The notion of the gem or ore prospector occupies a certain romanticism in literature, and even historical non-fiction of gold rushes past. For American audiences, a rugged individualism is the norm, and even during the heyday of Soviet extractive resource development in Siberia, concessions were made to individual initiative to encourage the miners (the ones who weren’t forced labor, anyway).

In Myanmar, much of the same appeal is present for those seeking a fortune from the earth – and the sobering realities are much the same. Under colonial rule, the country’s gems and minerals were heavily exploited, but unrest since independence and a lack of trading partners meant that until recently these extractive industries contributed little to the national GDP.

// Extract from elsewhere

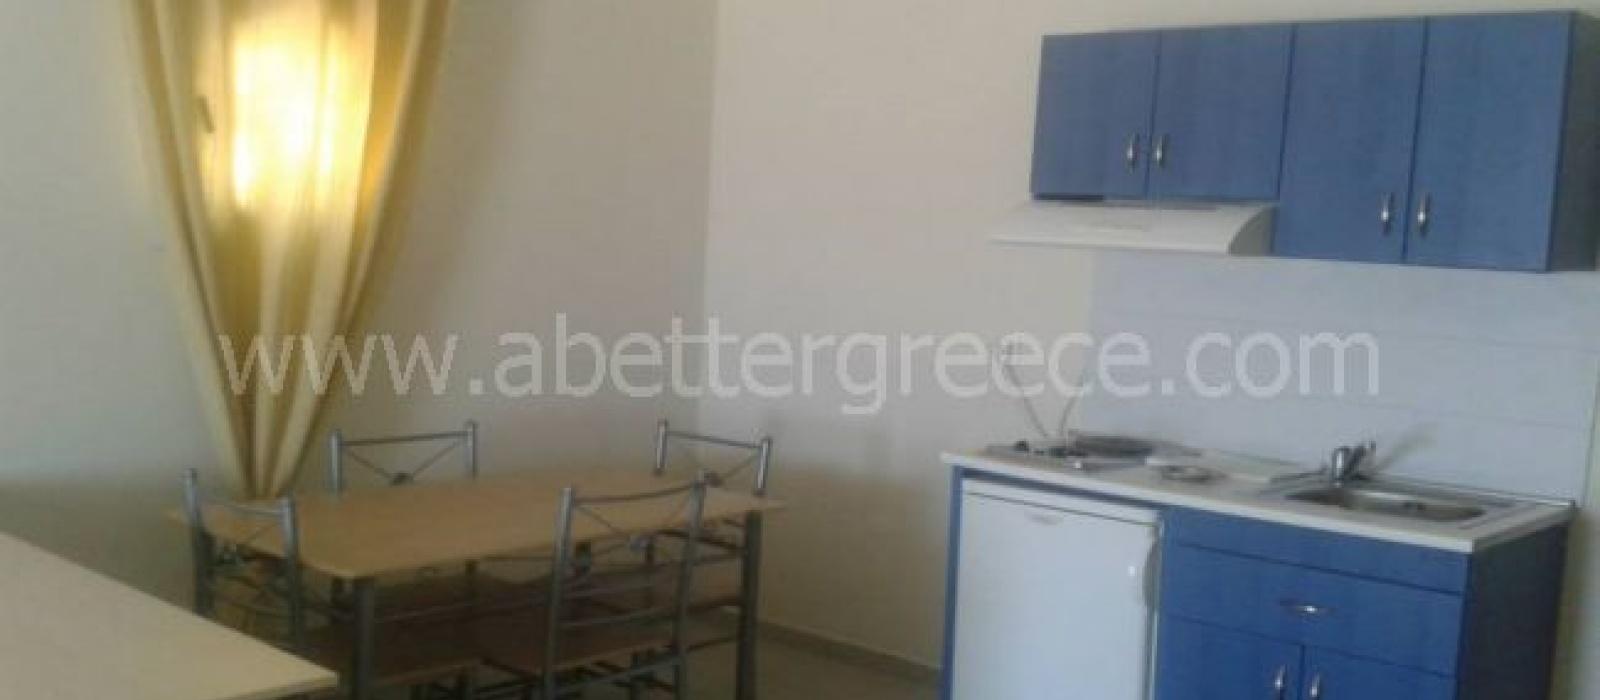 1 Bedrooms, Apartment, Vacation Rental, 1 Bathrooms, Listing ID 1168, Iraklia, Greece,

Large-scale industrial mining is primarily the preserve of well-financed foreign investment projects (usually Chinese): most resources are still “mined by local people, often in brutal conditions.” The gem industry has fared little better in terms of employee safety, though is worth far more due to high regional demand for Burmese jade and rubies, which are now so widely exploited by military-owned concerns that traders fear a price collapse is coming.

The income from the gem trade, though, is vastly underreported by the state: in 2011, official statistics put out by Burmese sources ranged between US$34 million – a pittance – to a much larger US$2.66 billion. Independent sources give low-end estimates even higher than that. What accounts for the discrepancy? It appears mainly to be the result of corrupt practices built into the industry that keeps most of the revenue – worth several billion dollars per year – away from the state budget.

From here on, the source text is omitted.